Though the U.S. is still trying to push students to absorb more science, technology, engineering, and mathematics (STEM) subjects, the U.S. Space & Rocket Center in Huntsville, AL—aka Rocket City—has been steering hopeful scientists for decades, since opening the doors to Space Camp in 1982. Space Camp is a STEM education fantasy world, in which kids in attendance experience days of STEM learning wrapped into intensive space exploration and rocketry know-how.

All Space Camp photos courtesy of Lauren Barack.
Here in Rocket City, students have come with their parents over Labor Day weekend to take part in the experience of a lifetime. In the heat of the Alabama sun, students set their rockets on a launcher and take cover. One by one the sticker-covered cardboard tubes shoot up above a tree canopy, each a successful launch, a sign their construction is true.
Although a camp, everything is geared toward space science. Bathrooms? Renamed Waste Management. Students sleep in bunk beds in the Habitat. And instead of a camp mascot, Pathfinder (yes, that Pathfinder) stands guard attached to an MPTA-ET external tank, plus two Advanced Solid Rocket Booster casings—the only complete full-scale Space Shuttle on display in the world.
The facility is the vision of Edward O. Buckbee, first director of what is now the U.S. Space & Rocket Center, who recalls a discussion with Dr. Wernher von Braun, former head of the Marshall Space Flight Center, who had also appointed Buckbee into his position. “We have band camp, football, cheerleading,” Buckbee recalls von Braun as saying. “Why don’t we have space camp?”
Buckbee agreed, and launched the program which today boasts an extraordinary success rate at inspiring students into further STEM exploration.
With more than half a million students having attended Space Camp from around the globe, 93 percent report they’ve taken more science classes, particularly physics and chemistry, with 91 percent reporting they’ve taken more math, according to Space Camp statistics.

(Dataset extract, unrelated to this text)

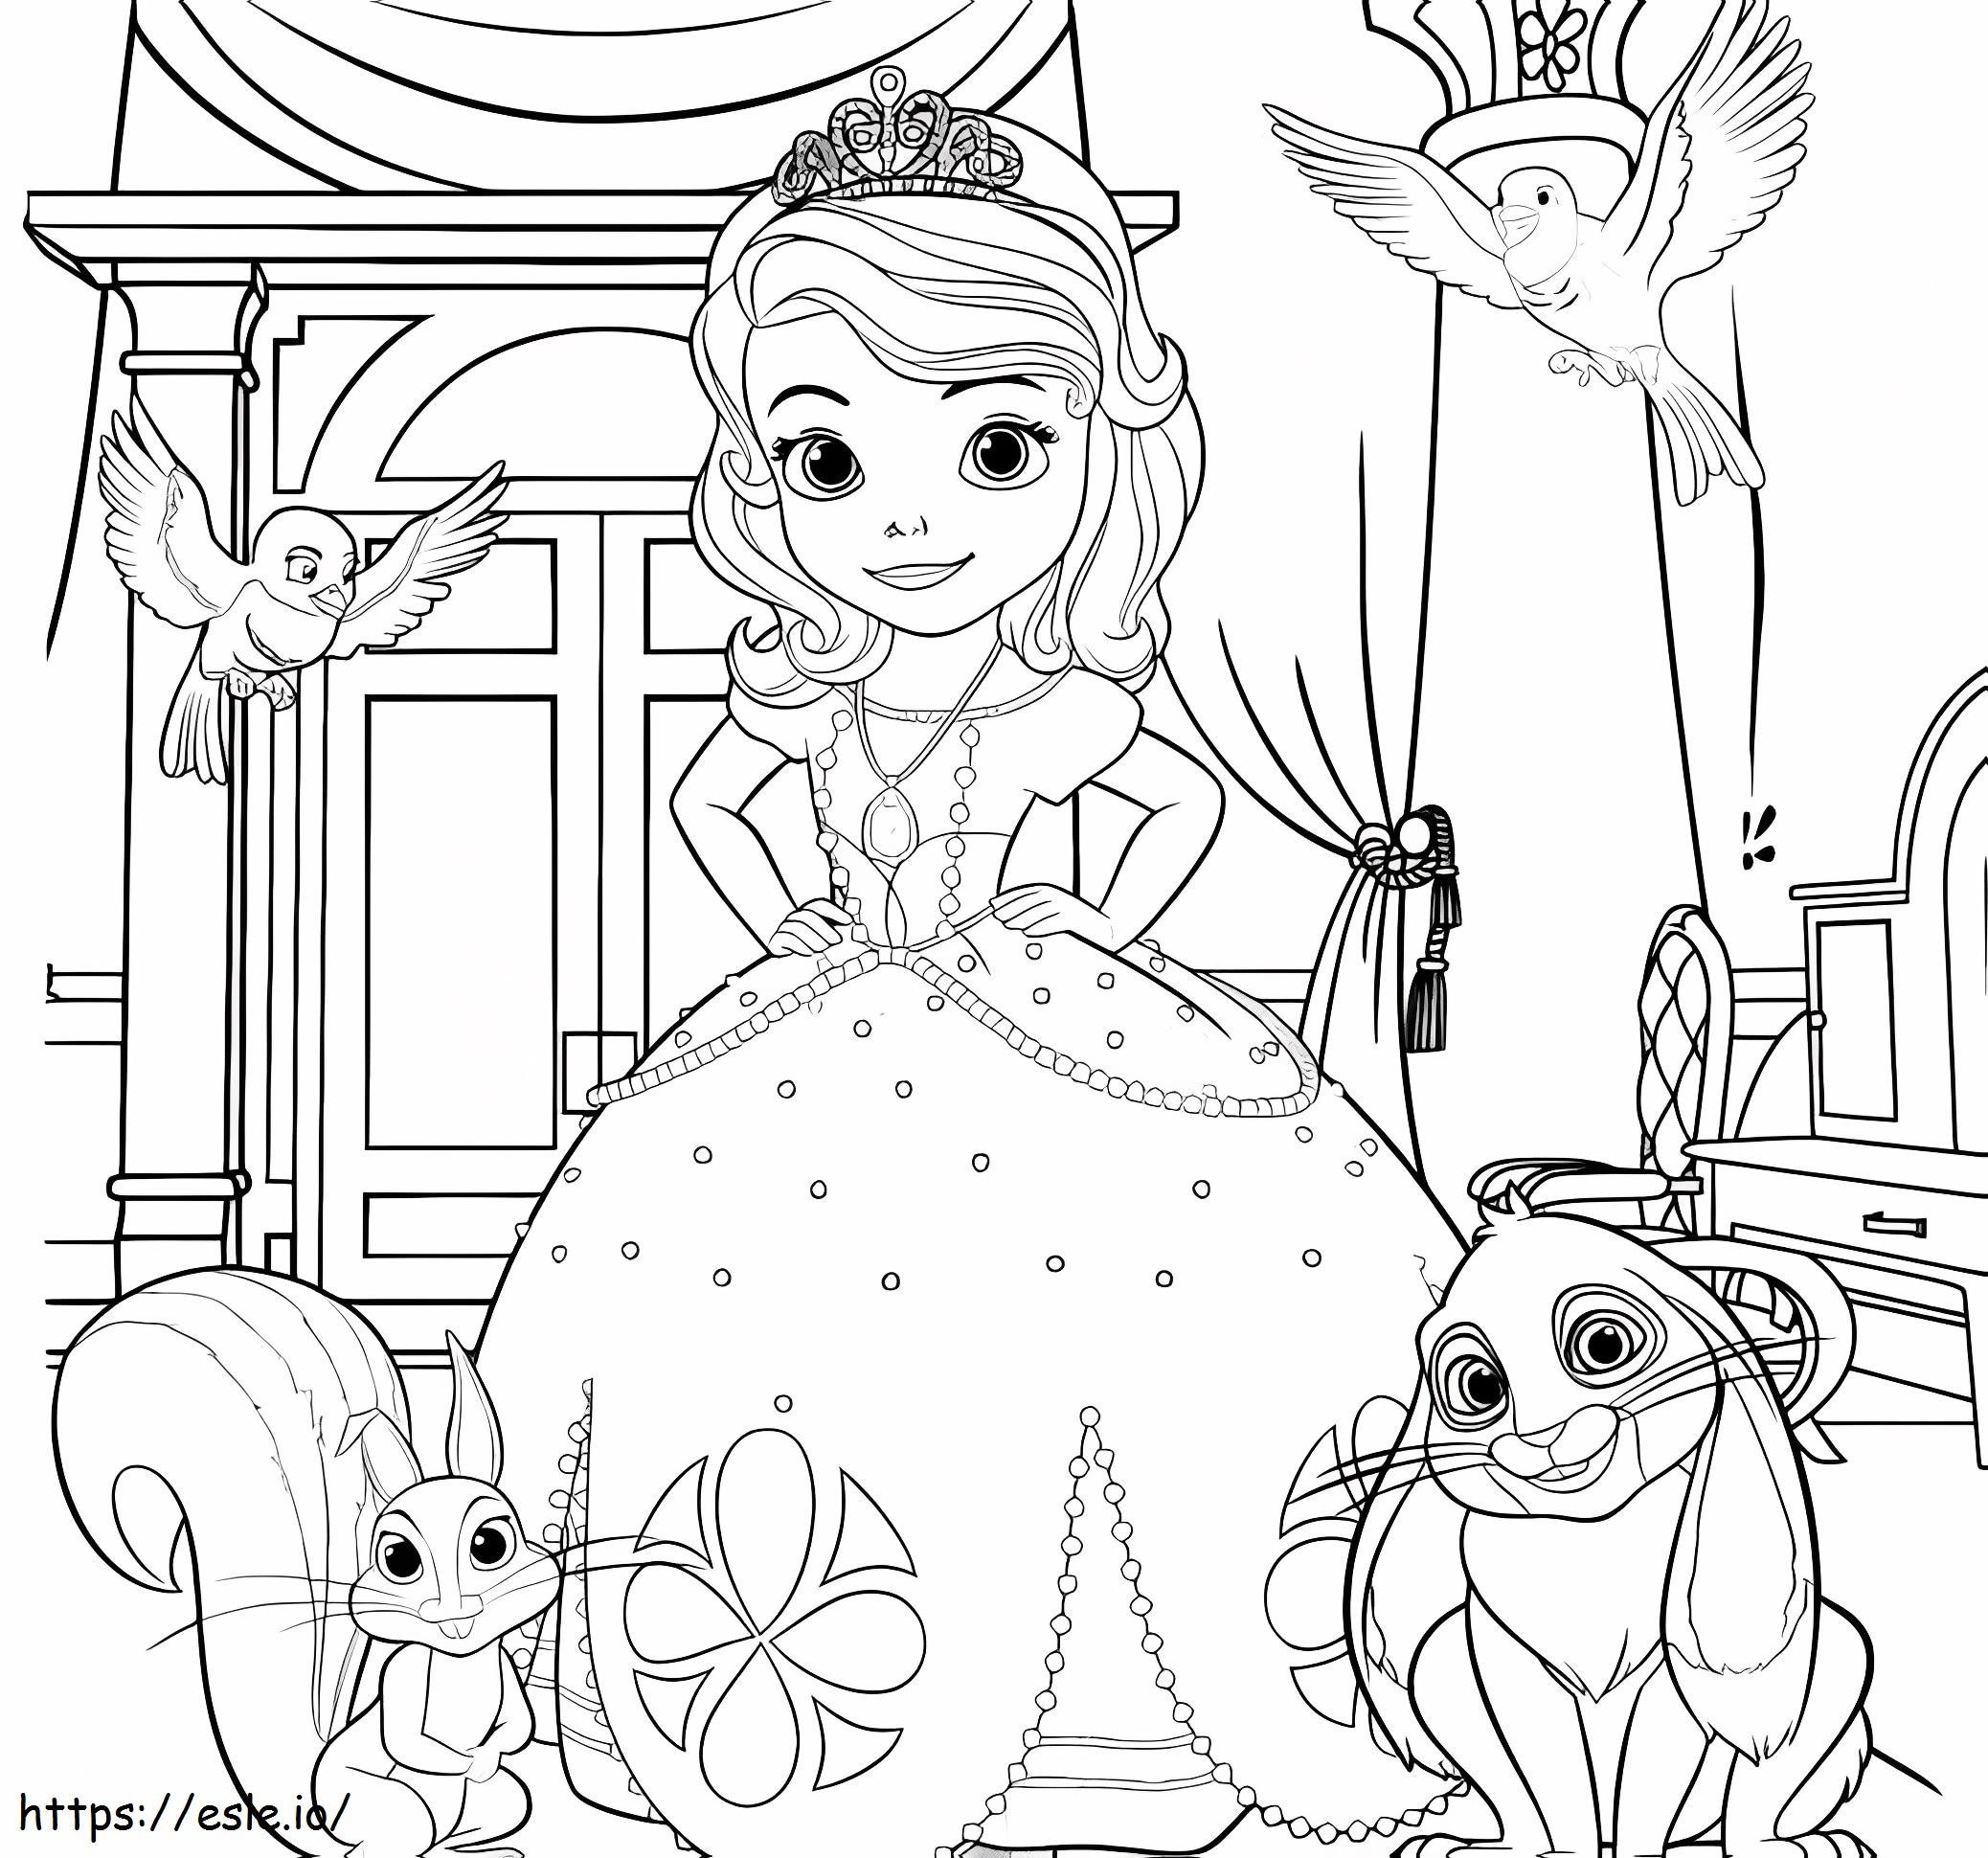 Sofiaaa4 coloring page

Huntsville earned its moniker, Rocket City, for designing and building rockets at the Marshall Space Flight Center. Think modules for the International Space Station and designs for the new Space Launch System, which is one day meant to send astronauts back into space. Inside Space Camp, just an 11-minute car ride away, students are learning building blocks that may take them thousands of miles into deep space on those very rockets.
Days are spent running missions—scripted facsimiles where students role play as Space Commander or Mission Scientist. Except at Space Camp they actually do run experiments, building polymers or conducting exothermic reactions near the struggling hydroponic tomato plants inside the scale model of the Space Station. When there’s work to be done outside, they don space suits and are belted into Manned Maneuvering Units to mimic the experience, and difficulty, of moving in outer space while trying, for example, to tighten a screw to a steel rod.
Other missions explore the Space Shuttle and Orion, the latest exploration vehicle being designed to finally send manned missions back through our Solar System. Back on earth, students glean space history inside the Davidson Center for Space Exploration. Here, though, visual aids aren’t NASA video clips but a Saturn V rocket (yes, the kind that sent the Apollo missions on their way) and Casper, the actual command capsule from the Apollo 16 mission.
All counselors have training, although not all are scientists themselves. Still, they all have a geek-like appreciation for the museum and the science within.There’s joy as a 10-year-old girl wills herself to get strapped into the Multi-Axis Trainer—the simulator that has tested many astronauts on their ability to handle disorientation if ever they find themselves in a tumble spin during re-entry into Earth. Other simulators include a 5DF, or “five degrees of freedom” chair, which allows astronauts to practice moving in a frictionless environment, and a harness that mimics the feeling of 1/6th gravity on the Moon. There’s a new appreciation for Neil Armstrong’s coordination during his famous walk.
Sure, not every school has access to a Space Shuttle or a Mercury-Redstone rocket. But students seem less enthralled from their closeness to these historical gems than for the opportunity to physically play in a science environment—and for the adults around them to treat them as the scientists they know they can be.